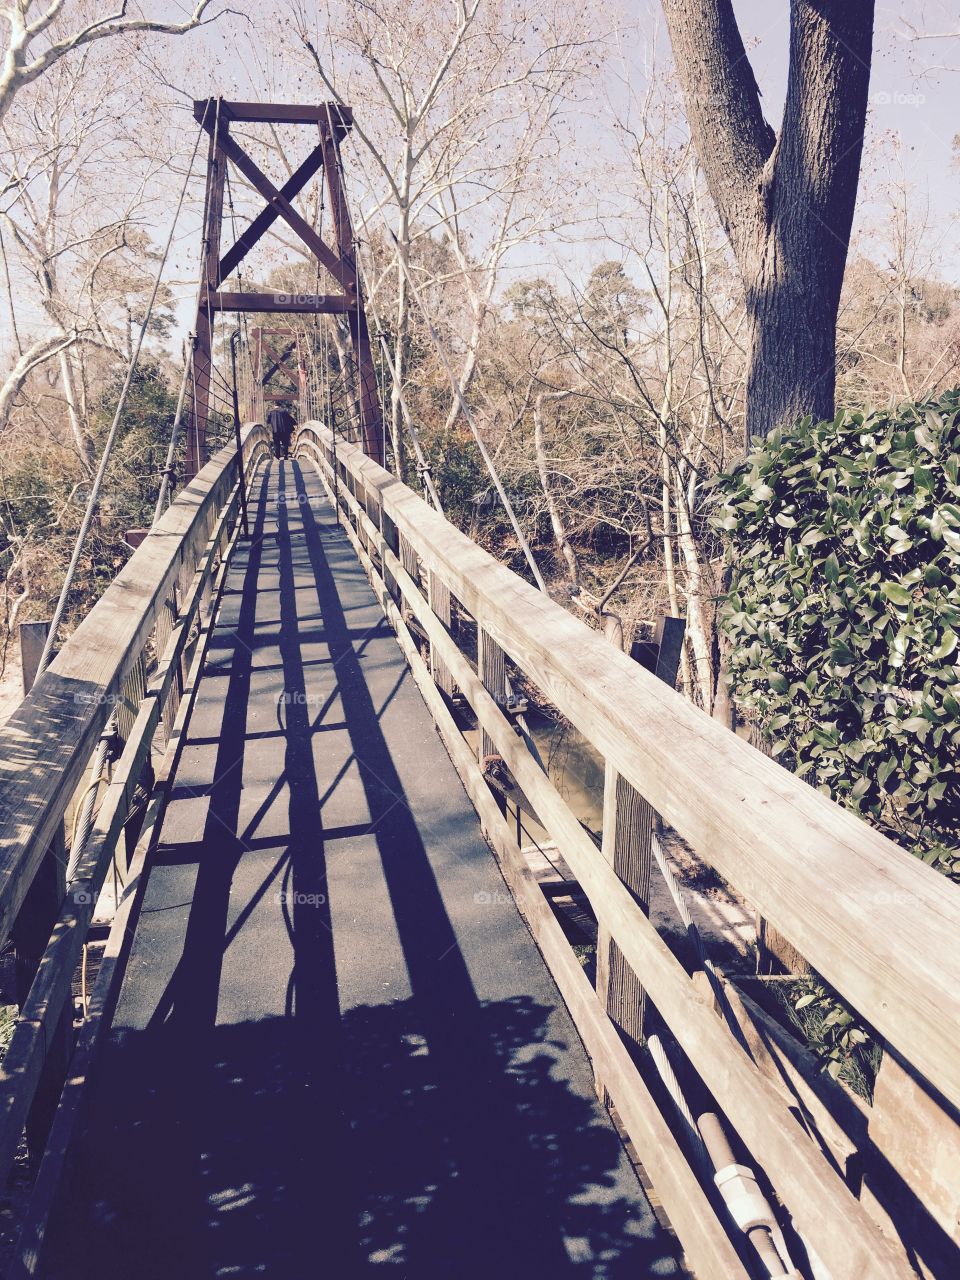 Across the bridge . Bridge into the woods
==
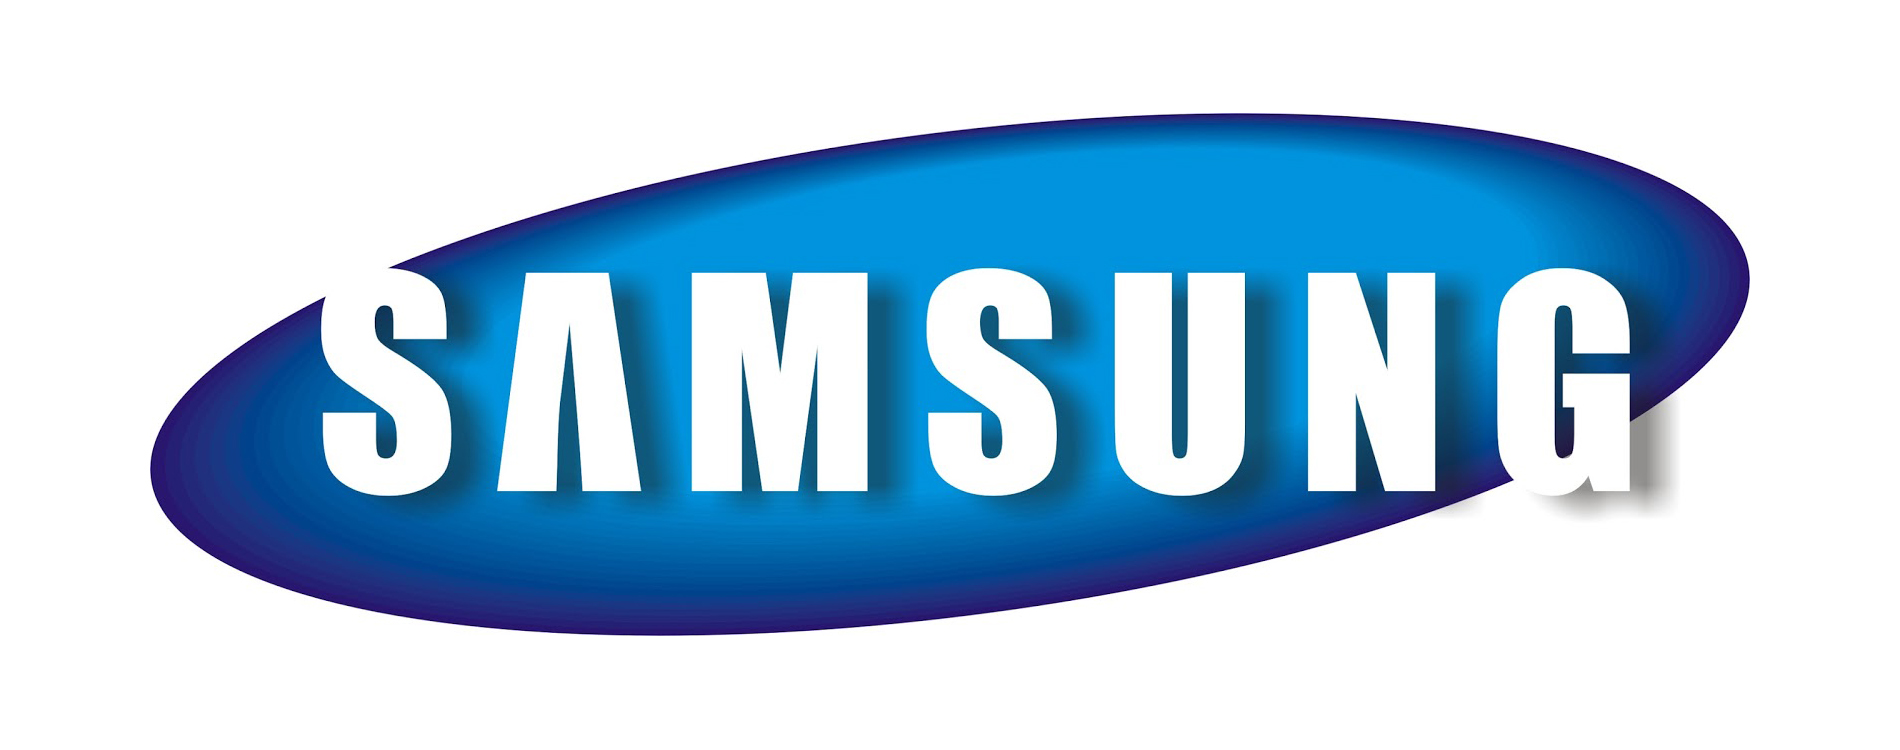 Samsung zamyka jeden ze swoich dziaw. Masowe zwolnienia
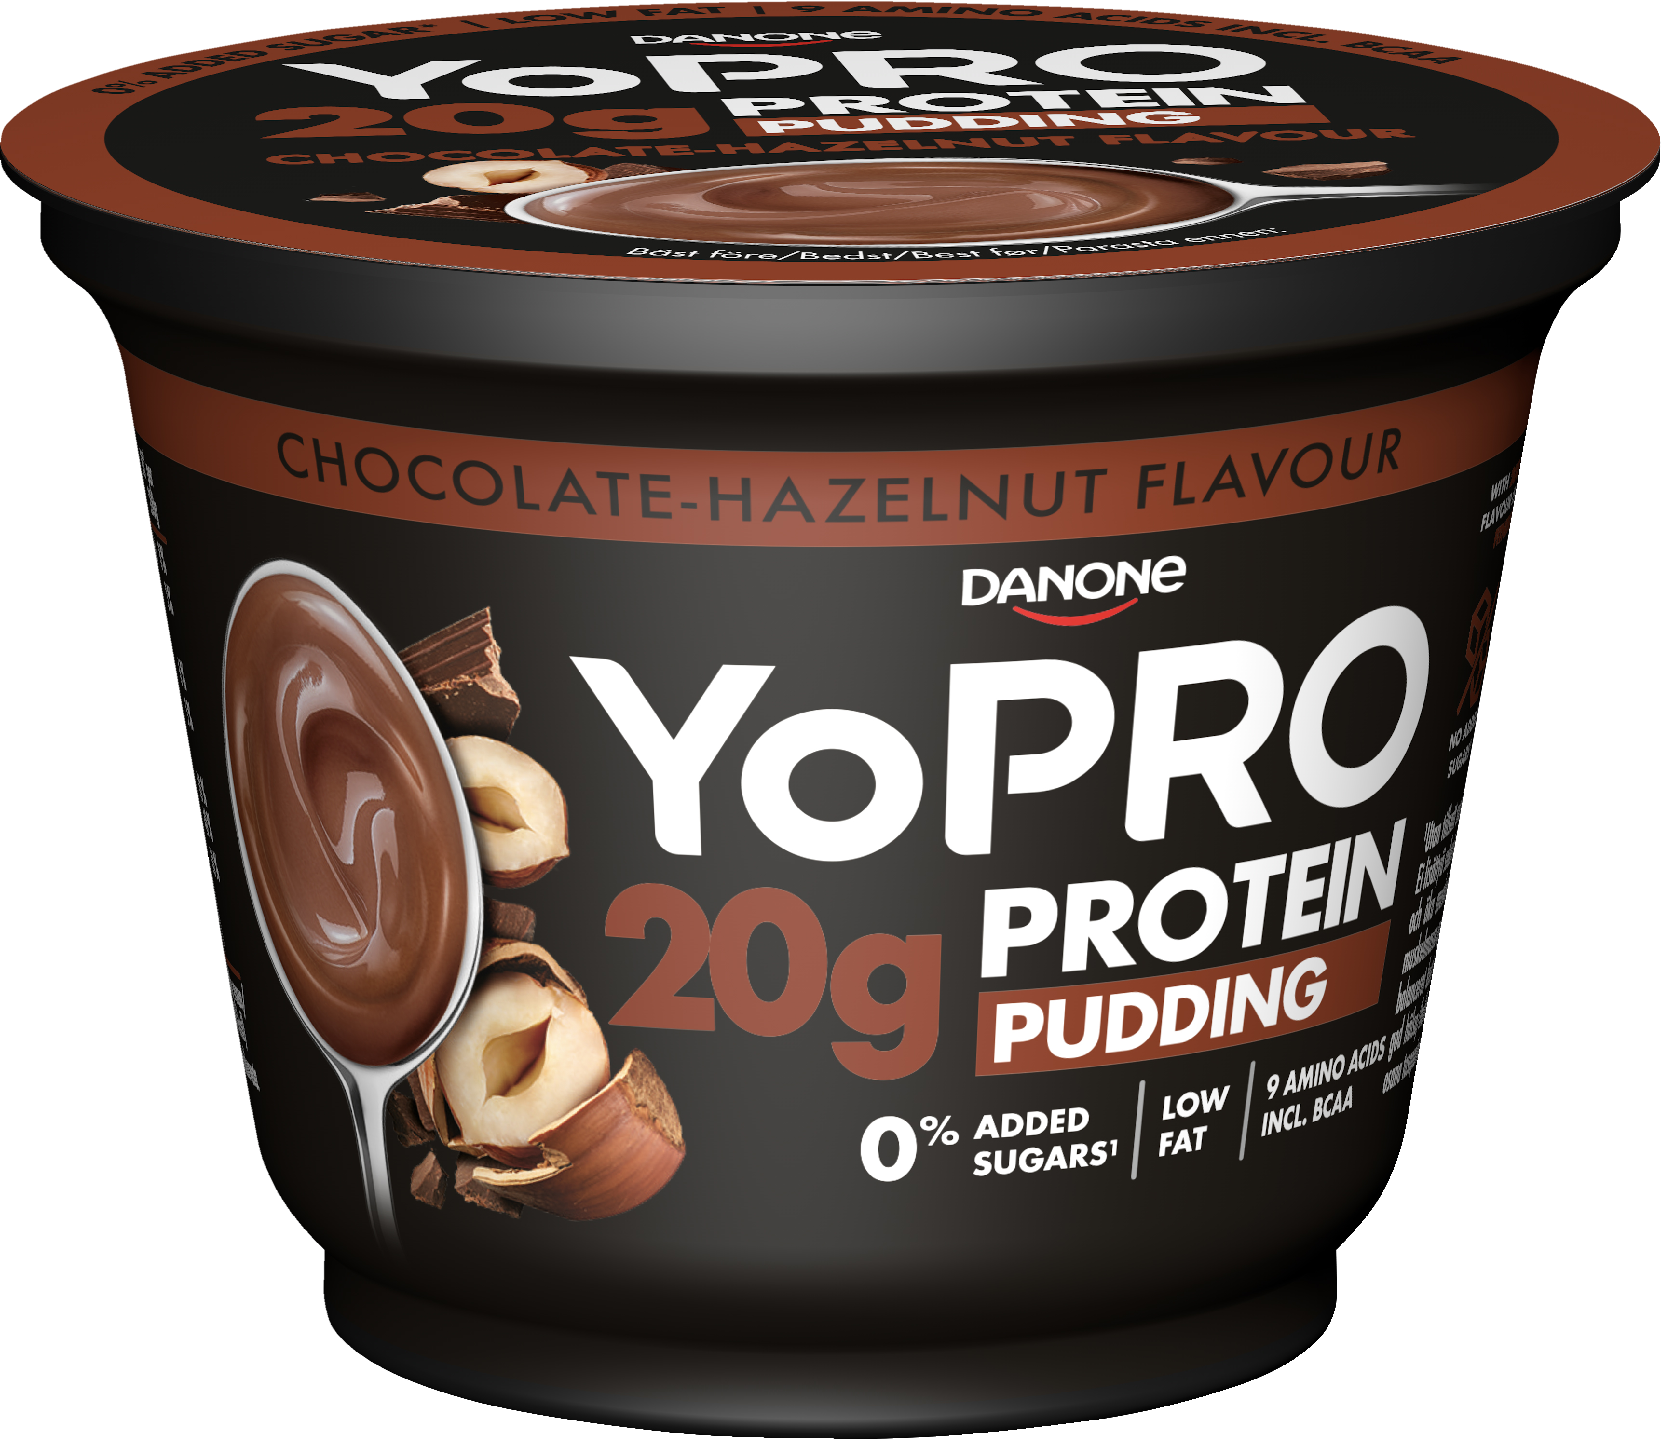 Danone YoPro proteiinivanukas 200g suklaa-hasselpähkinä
==
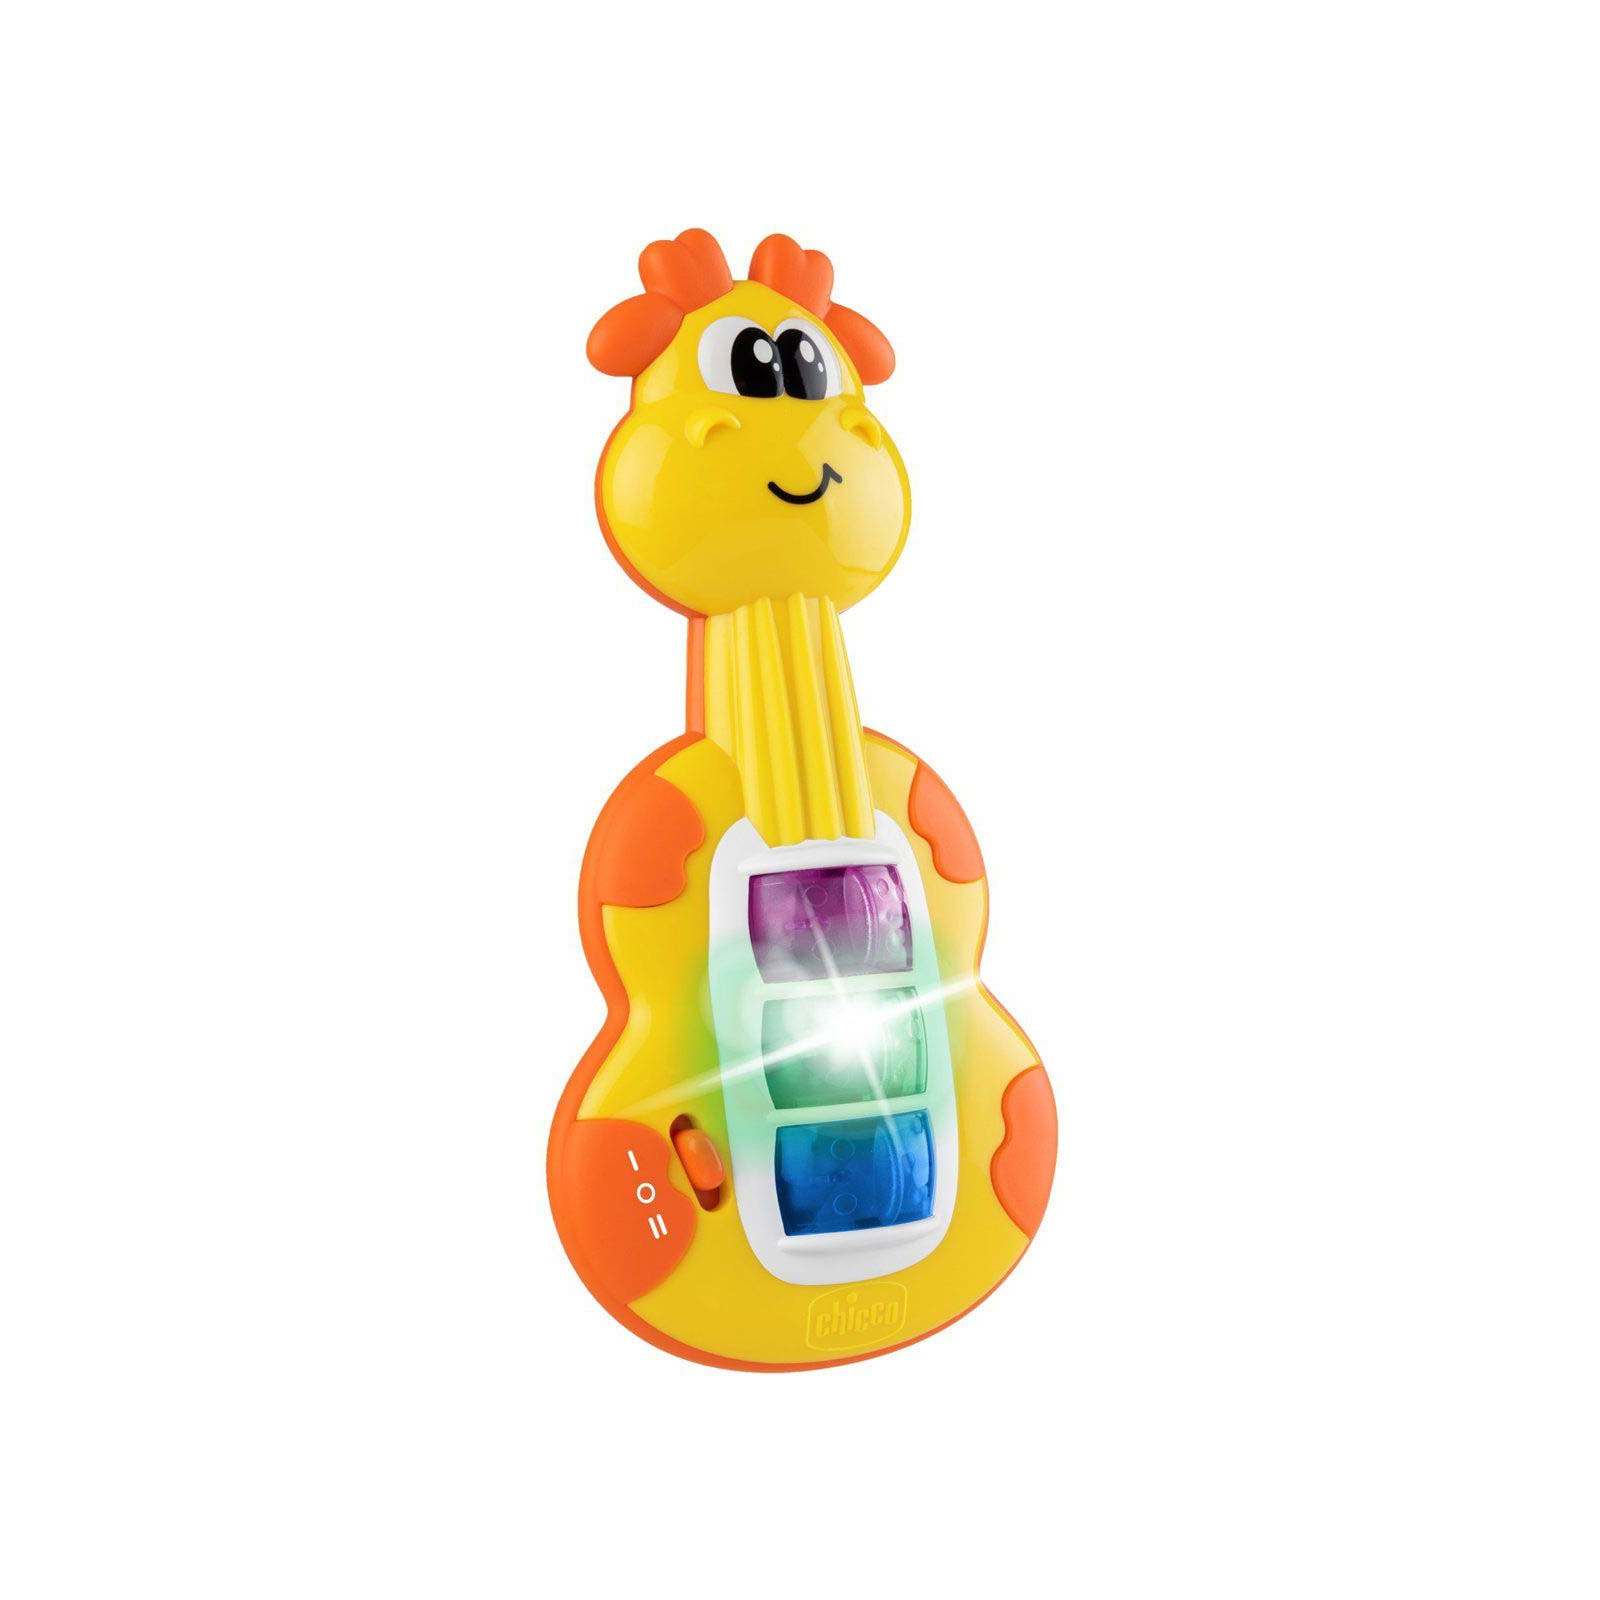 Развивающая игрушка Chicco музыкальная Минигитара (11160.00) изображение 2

**What is expected**
Every line above between the one containing "Samsung zamyka jeden" and the one containing "Danone YoPro proteiinivanukas", those two included, is to be printed exactly. No pictures go into the copy.

**Written reply**
 Samsung zamyka jeden ze swoich dziaw. Masowe zwolnienia
 Danone YoPro proteiinivanukas 200g suklaa-hasselpähkinä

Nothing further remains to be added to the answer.